The Kuwait Stock Exchange (KSE) closed the week Wednesday two percent up for the second week running, as the market continued to buck the traditional summer trading lull on government pledges to initiate reforms.
The KSE index closed at 1,408.8 points, over the 1,400-point barrier for the first time in seven weeks, but still 2.3 percent lower than the end of 1999 and 50.3 percent down on the index's all-time high in November 1997.
The index gained 37.4 points in August, a month when trading is traditionally very slow. The rise was buoyed by the government's introduction of legislation allowing foreigners to trade on the bourse and promises to press economic reforms.
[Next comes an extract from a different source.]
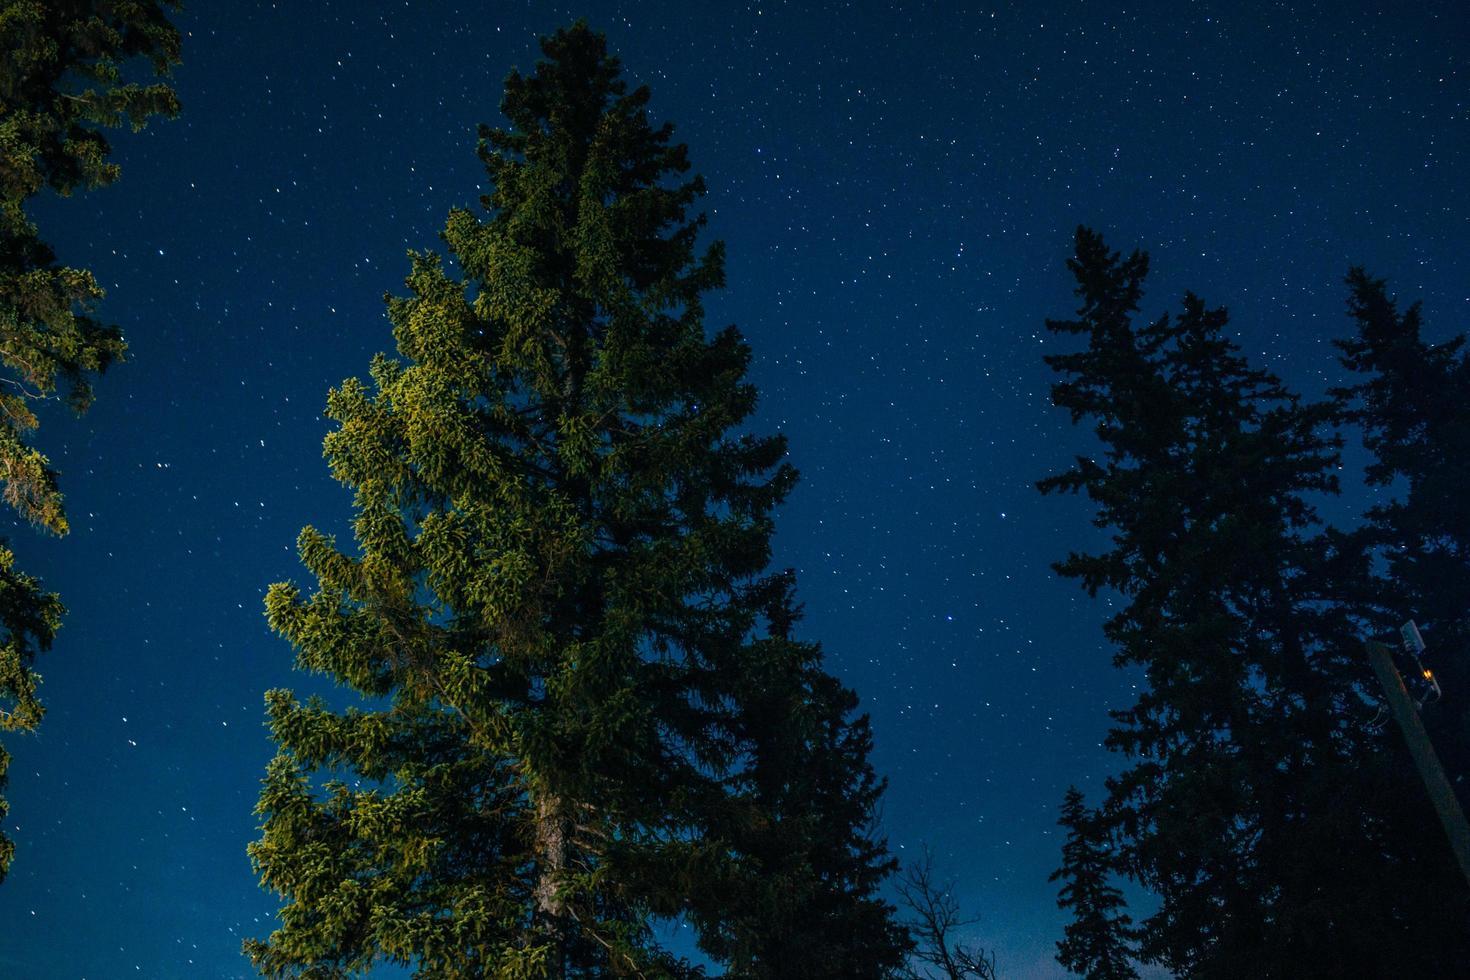 pin illuminé la nuit photo
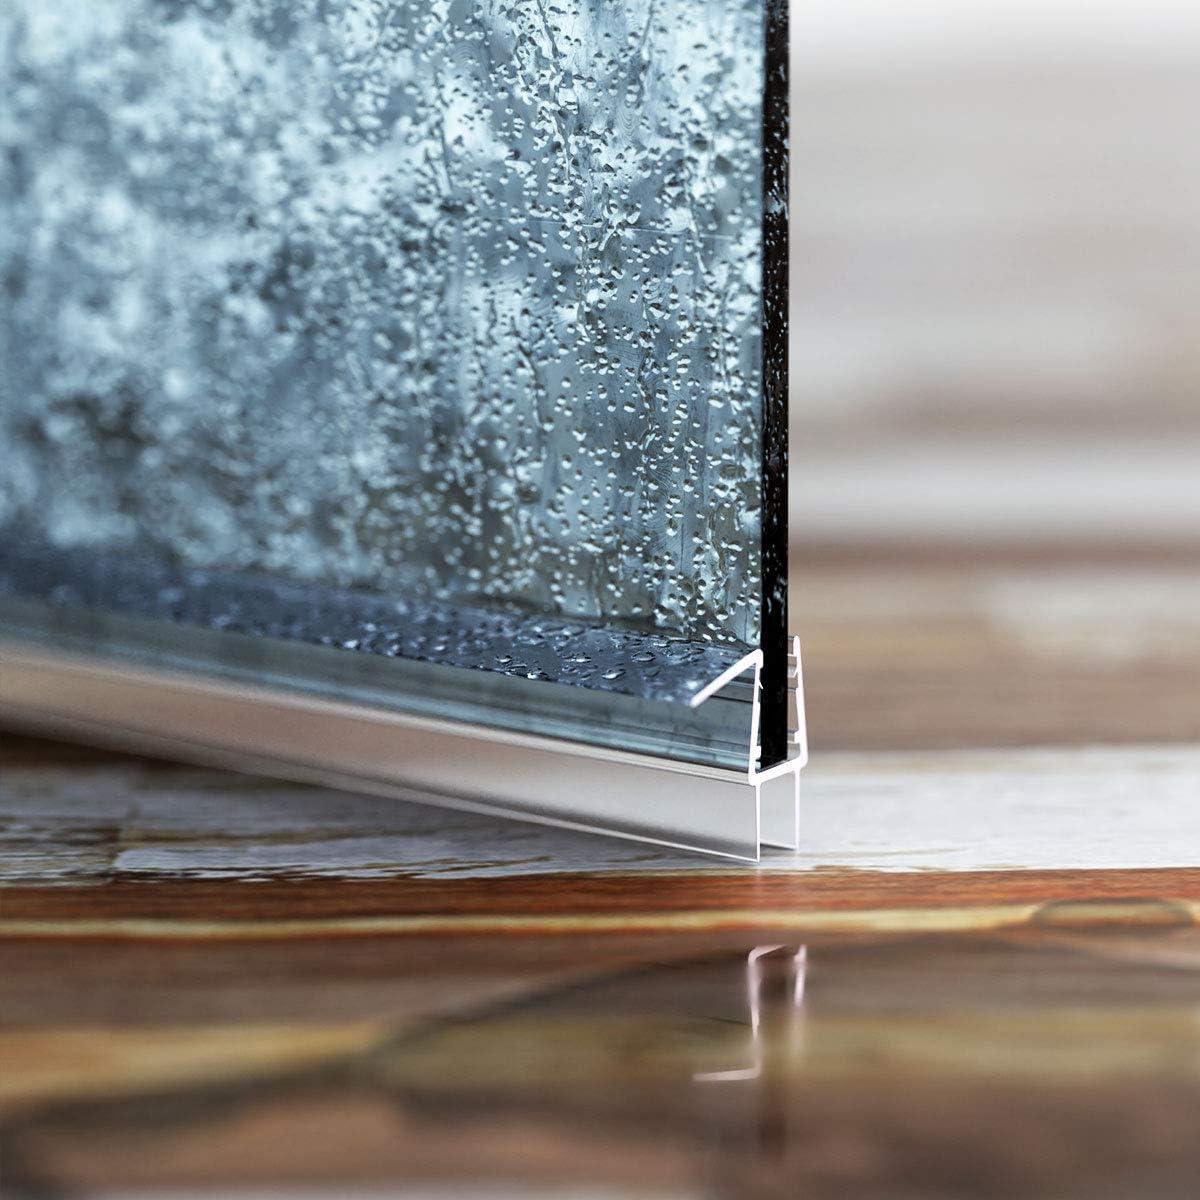 STEIGNER 70 cm Junta Repuesto Para el Vidrio 10mm/11mm Junta Vierteaguas de Ducha, UK20-10: Amazon.es: Bricolaje y herramientas

"My old customers who disappeared because of the decline in 1998 and 1999 have returned. They made some orders to buy shares," one broker said.
Last week, the KSE rose 2.2 percent on the back of the government's nod to regulations of a bill allowing foreign ownership of Kuwaiti stocks.
The bill allows foreign investors and expatriates living in Kuwait to own up to 100 percent of the stock of Kuwaiti companies listed on the stock exchange other than banks, where ownership will be limited to 49 percent.
Ownership in banks could still exceed that percentage if approval is granted by the cabinet on the recommendation of the central bank.
Confidence was strengthened after the government approved on August 27 amendments to the 1960 Commercial Law, stipulating more transparency on the bourse and introducing penalties for leaking insider information.
Analysts, however, still fear that political wrangling may negatively affect the resurgent bourse.
Some 87 companies with market capitalization of about 20 billion dollars are listed on the KSE, the second largest bourse in the Arab world after the NCFEI in Saudi Arabia.